As evidenced by the responses to this thread, ScrumWorks is popular because it's faithful to the Scrum process. We'll continue on this path into the future as we address the changing needs of enterprises implementing Scrum.
Buyer Beware
October 21, 2008 by Anonymous (not verified), 1 year 15 weeks ago
Comment id: 1930
Looks like the whole scrumworks product team may have responded given the specific features and versions referenced. I would suggest evaluating for yourself based on your own requirements vs. a vendor's. We evaluated both and there was really nothing we found more Scrum about Scrum Works than VersionOne other than the name. Version One worked best for our Scrum process, but that is not to say you will have the same experience.

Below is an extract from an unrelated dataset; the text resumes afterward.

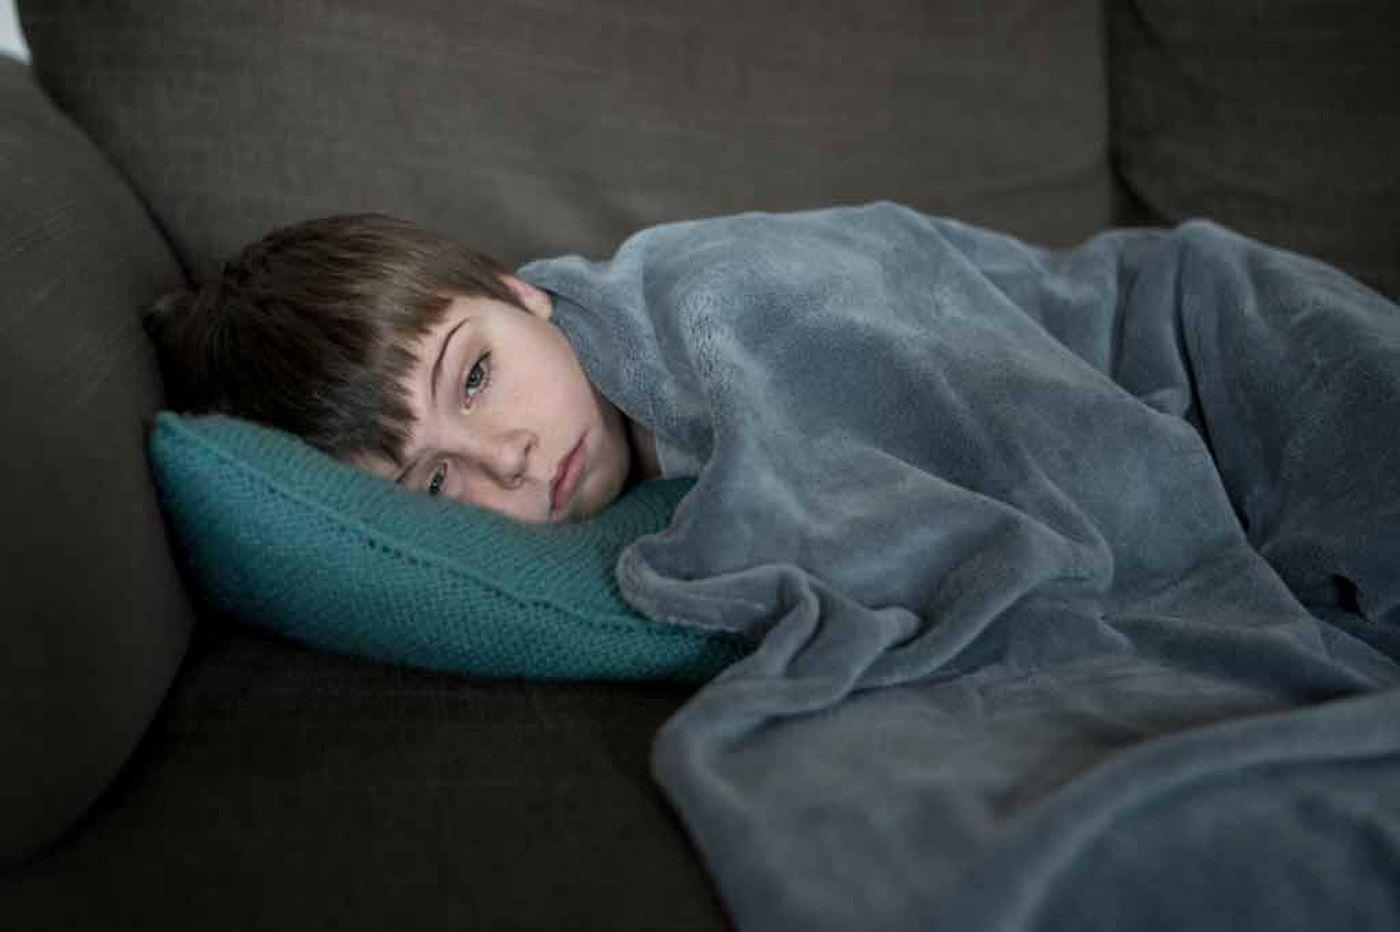 On coping with pediatric illness
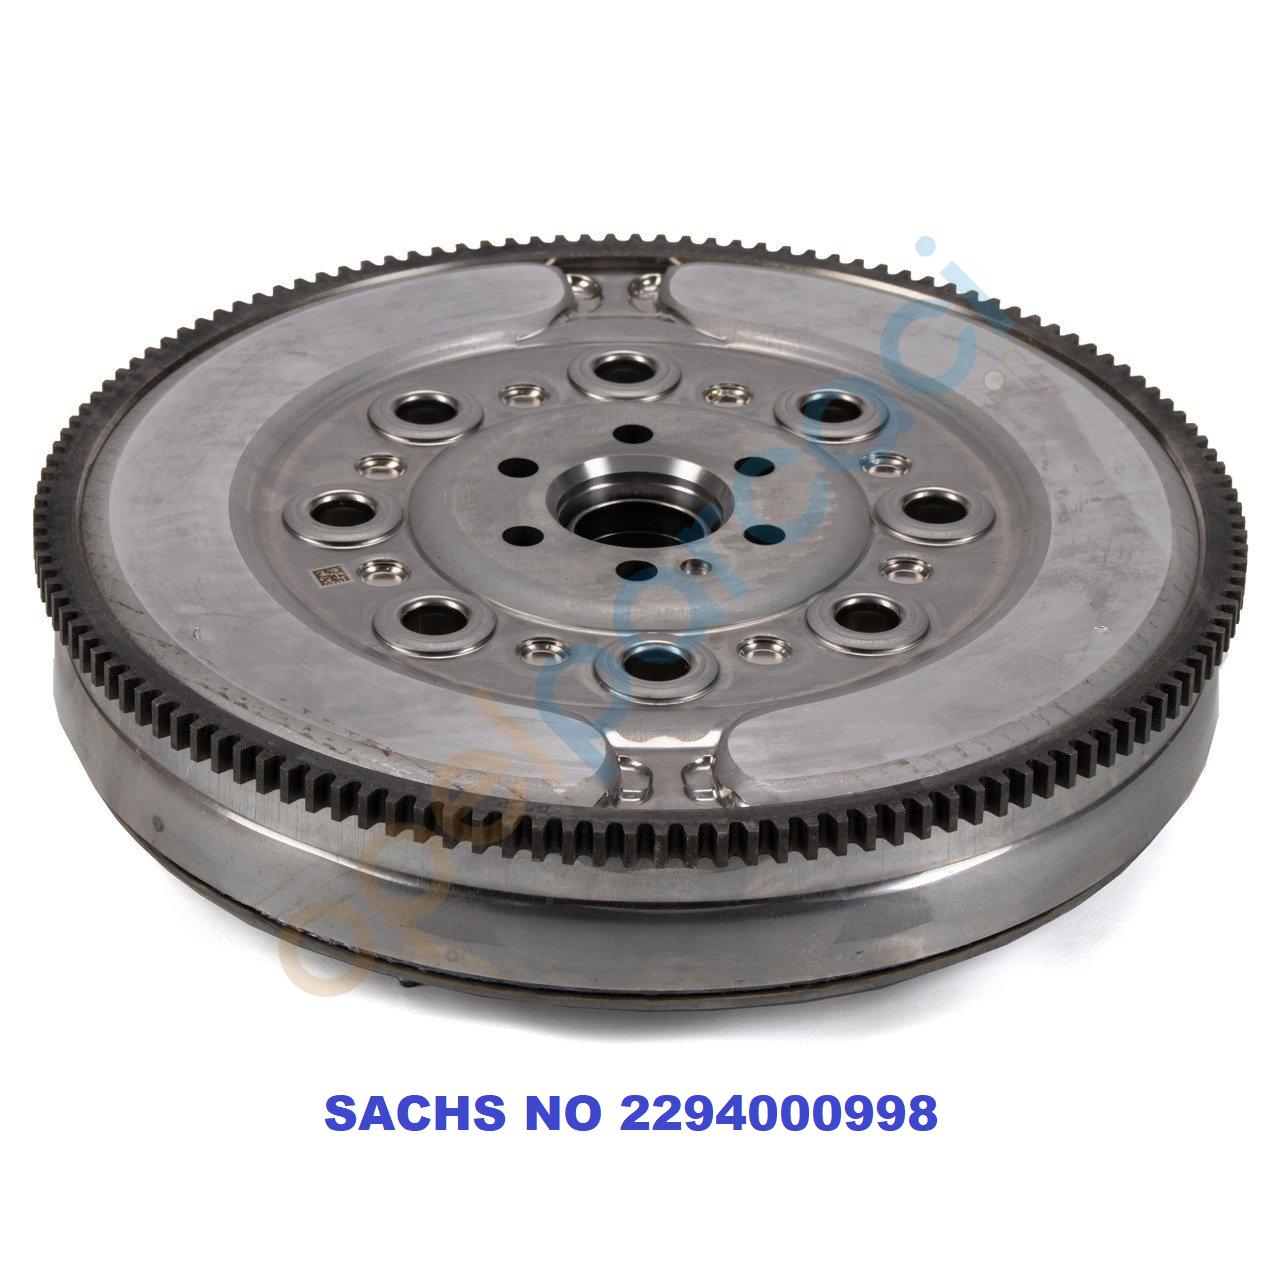 Opel Zafira B 1.6 Turbo Benzinli Volan Takviyeli SACHS 2294000998

I would echo first the need for good coaching.
What about Rally?
October 21, 2008 by Anonymous (not verified), 1 year 15 weeks ago
Comment id: 1931
I'm surprised Rally wasn't mentioned as part of this evaluation.
What about TargetProcess?
October 21, 2008 by Michael Dubakov (not verified), 1 year 15 weeks ago
Comment id: 1932
I'm surprised TargetProcess wasn't mentioned as part of this evaluation. TargetProcess has comparable functionality and easy to use UI. All of the problems mentioned above are not exist in TargetProcess.
http://www.targetprocess.com
Should review
October 21, 2008 by Artem, 1 year 15 weeks ago
Comment id: 1934
Thorough review of modern tools is in our plans. Well, maybe we should eventually bite the bullet, find time and do a good and careful (video?) review of them.
find your own review targetprocess
October 22, 2008 by Anonymous (not verified), 1 year 15 weeks ago
Comment id: 1935
Why has Michael Dubakov from target process commented on every single review of every other agile tool that appears on the web?
I have Google Alerts :)
October 22, 2008 by Michael Dubakov (not verified), 1 year 15 weeks ago
Comment id: 1937
[offtopic] I don't say anything bad about other agile tools. I do respect all the tools on the market and all the companies behind. Just trying to make TargetProcess more visible to people. The choice should exist, isn't it?
Scrum Tool
October 31, 2008 by Anonymous (not verified), 1 year 14 weeks ago
Comment id: 1964
I suggest you try Caimito One Team or visit the wiki from Caimito One Team (http://wiki.caimito.net/display/AGILE/Home). Caimito One team is a helpful tool for Agile Development based on Scrum.
Tried All Three Products
November 6, 2008 by Derick Dawson (not verified), 1 year 13 weeks ago
Comment id: 1979
Our Team has tried and extensively studied all 3 of the main products - VersionOne, ScrumWorks, and Ralley. Although all have some good things and some bad things, we are definitely going with VersionOne. Yes it does have more flexibility and this was a major help for us to stream-line our agile projects and work into it coming out of waterfall. We made sure our scrum masters were getting their teams to use best practices and in the end if things are done right the flexibility of VersionOne actually helped us funnel into doing Agile properly and our team was much more willing to accept it and now we are pumping out 2 week iterations and not missing deadlines and doing true agile programming with 4 of our teams. I would suggest looking at all but we did and our Vote was VersionOne. Their Customer service is the best I have ever seen, if I ever have a question I have tons of resources and they are always available and happy to help. Two Thumbs Up!
Derick
webreport
July 1, 2009 by Anonymous (not verified), 31 weeks 5 days ago
Comment id: 2795
The problem with the web reports in scrumworks is that always the latest ones are visible even if we had saved the previous ones, it always overwrites with the latest data. So all the links that you had saved point to the same latest report. Has any one experienced it and what is the solution. This is very annoying and useless feature.